Articolo Previdenza e inflazione IPSOA def

Previdenza e inflazione
Nonostante una lieve accelerazione a dicembre dell’ l’indice nazionale dei prezzi al consumo per
l’intera collettività (Nic), secondo l’ISTAT il dato dell’inflazione per il 2009 è il più basso da 50 anni a questa
parte (una variazione del +0,8% segnando un record dal 1959 quando fu pari a uno -0,4%). Le aspettative
per il prossimo futuro, considerando un verosimile periodo di ripresa economica, sono quelle di un fenomeno
inflattivo di cui andrà verificata e, possibilmente attenuata la intensità nel riverbero quotidiano.

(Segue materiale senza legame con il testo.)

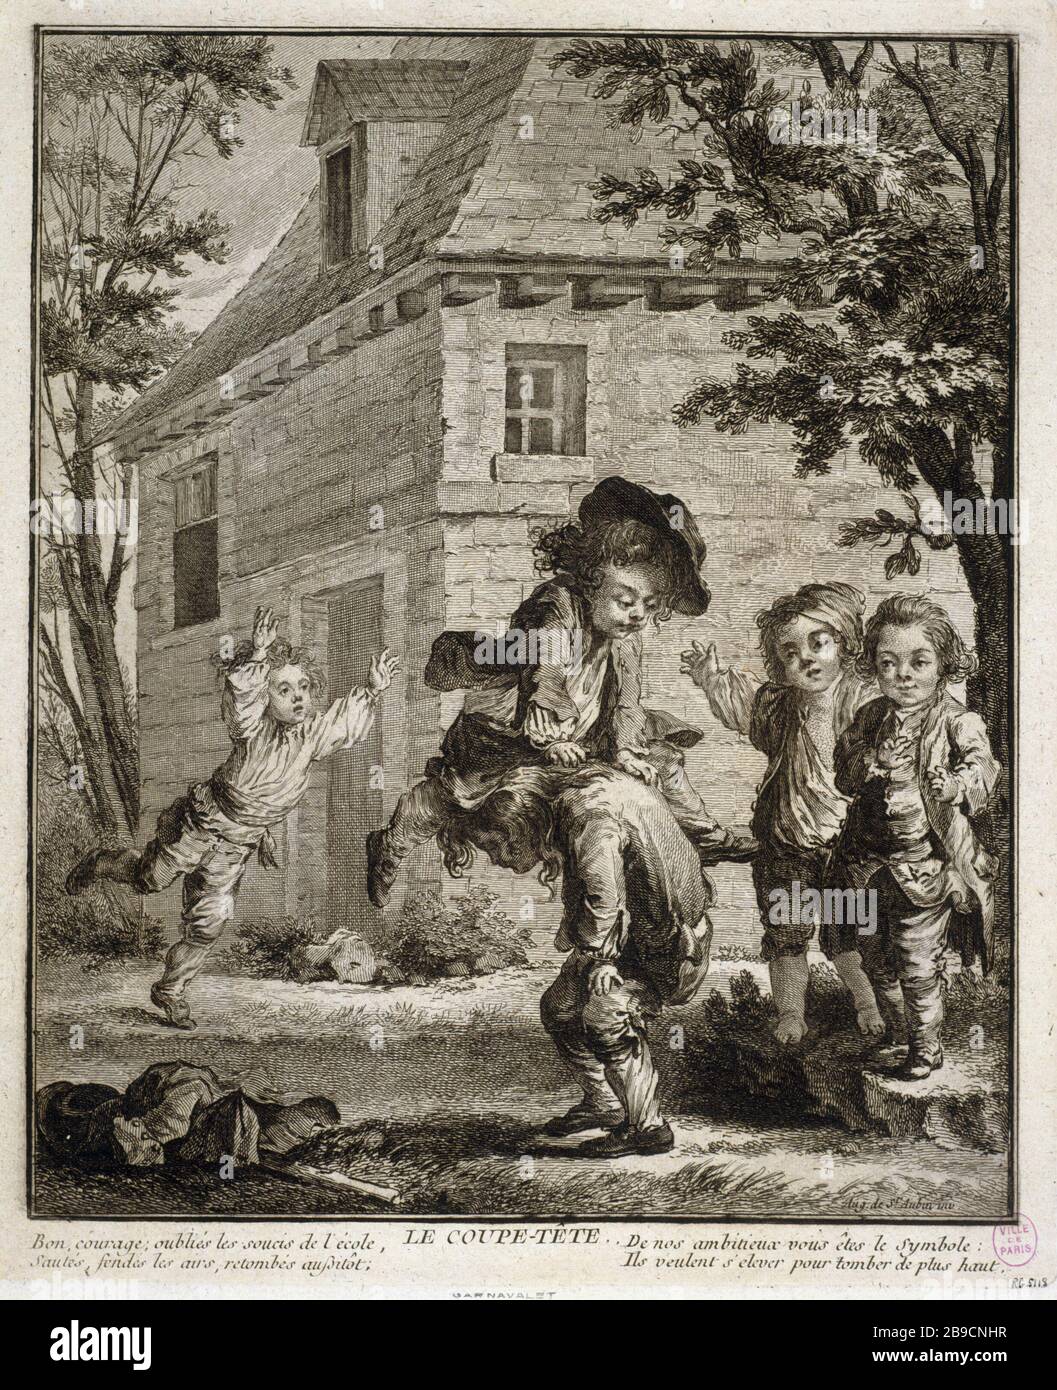 DEN KOPF SCHNEIDEN ODER SPRINGENDES SCHAF Augustin de Saint-Aubin (1736-1807). "Le coupé-tête ou sot de mouton". Tiefdruck. Paris, musée Carnavalet. Stockfoto

Tra le diverse
categorie una di quelle da sempre più vulnerabili, così come emerso nel dibattito sociale dei giorni scorsi, è
quella dei pensionati che negli anni scorsi, complice l’effetto euro, hanno visto spesso evaporare il proprio
potere d’acquisto; qualche anno fa il CNEL elaborò la proposta di creare un paniere ad hoc per misurare
l’incidenza della svalutazione sul reddito dei pensionati in rapporto al loro stile di vita e vi è ora una proposta
di legge bipartisan per ripristinare almeno in parte un sistema di rivalutazione dei trattamenti collegati
all’andamento della dinamica retributiva.
In attesa di verificare eventuali interventi perequativi, qual è oggi il legame tra pensione e inflazione ?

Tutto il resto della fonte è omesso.